The Class M-2 and Class B Certificates are not "mortgage related securities" for
purposes of SMMEA because such Certificates are not rated in one of the two highest
rating categories by a nationally recognized rating agency.
TAX STATUS: For federal income tax purposes, the Trust Estate will be treated as one or more real
estate mortgage investment conduits (each, a "REMIC"). The Class A, Class M and Class
B Certificates will constitute "regular interests" in a REMIC for federal income tax
purposes. The Class R Certificates will be treated as the sole class of "residual
interests" in each REMIC for federal income tax purposes.
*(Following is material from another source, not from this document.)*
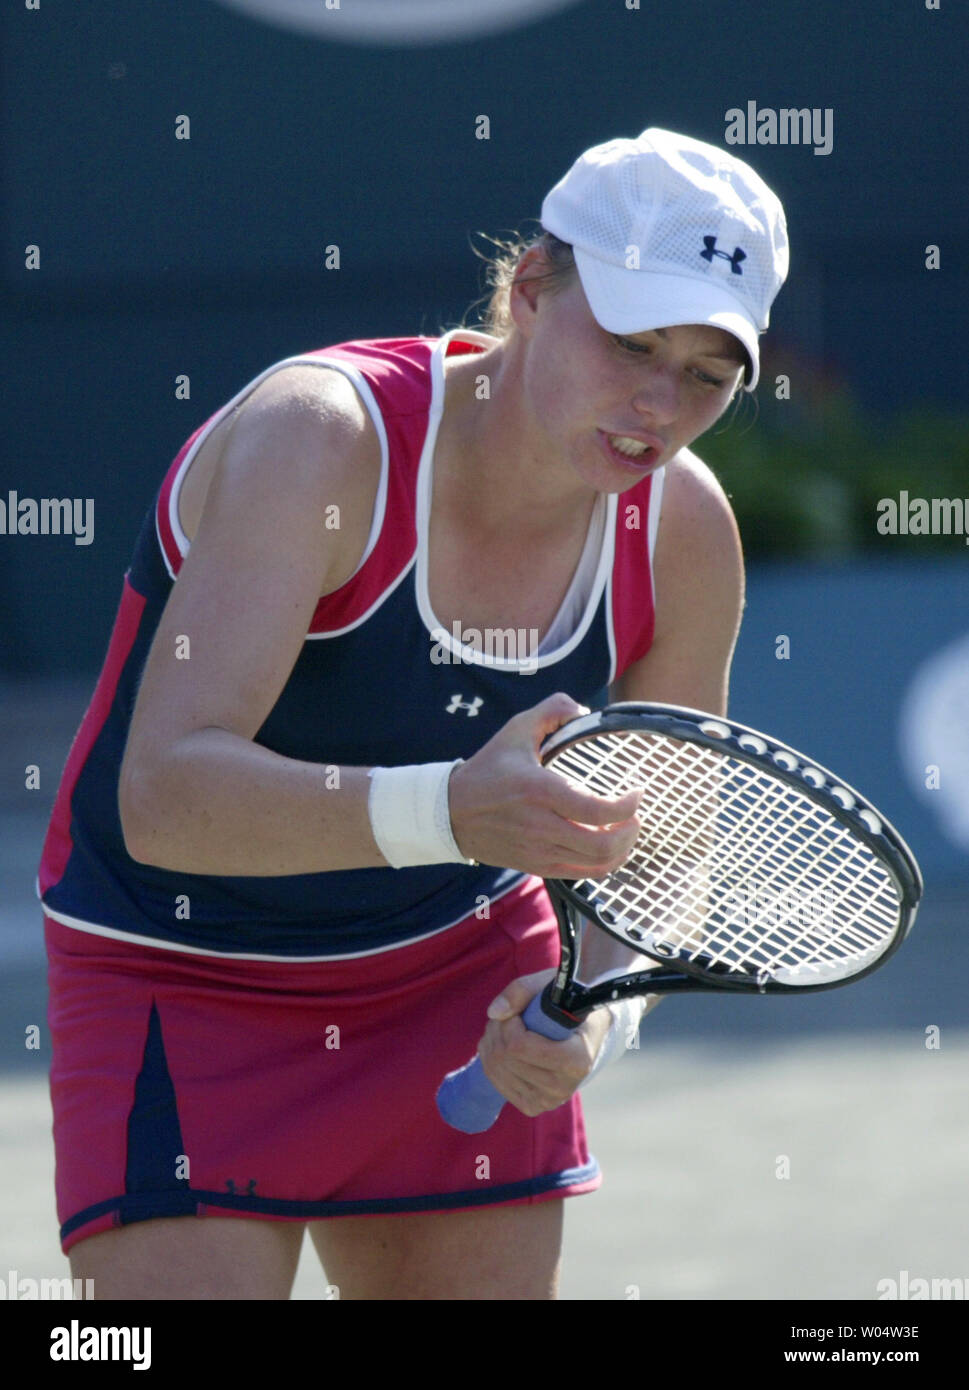 Vera Zvonareva of Russia shows her frustration after a lost point against Michaella Krajicek of the Netherlands in the quarterfinals of the Family Circle Cup tennis tournament in Charleston, South Carolina on April 13, 2007. Zvonareva won the match 6-1, 7-5. (UPI Photo/Nell Redmond) Stock Photo

OPTIONAL TERMINATION: The Servicer may exercise its right to repurchase all outstanding Contracts on or
after the date the aggregate principal balance of the outstanding Contracts is less
than 10% of the sum of the original principal balance of the Contracts.
EXPECTED PRICING SPEED: 200% MHP
STRUCTURE
CREDIT ENHANCEMENT: The credit enhancement is provided by subordinated classes and two Letters of Credit
issued by GreenPoint Bank and First Union National Bank.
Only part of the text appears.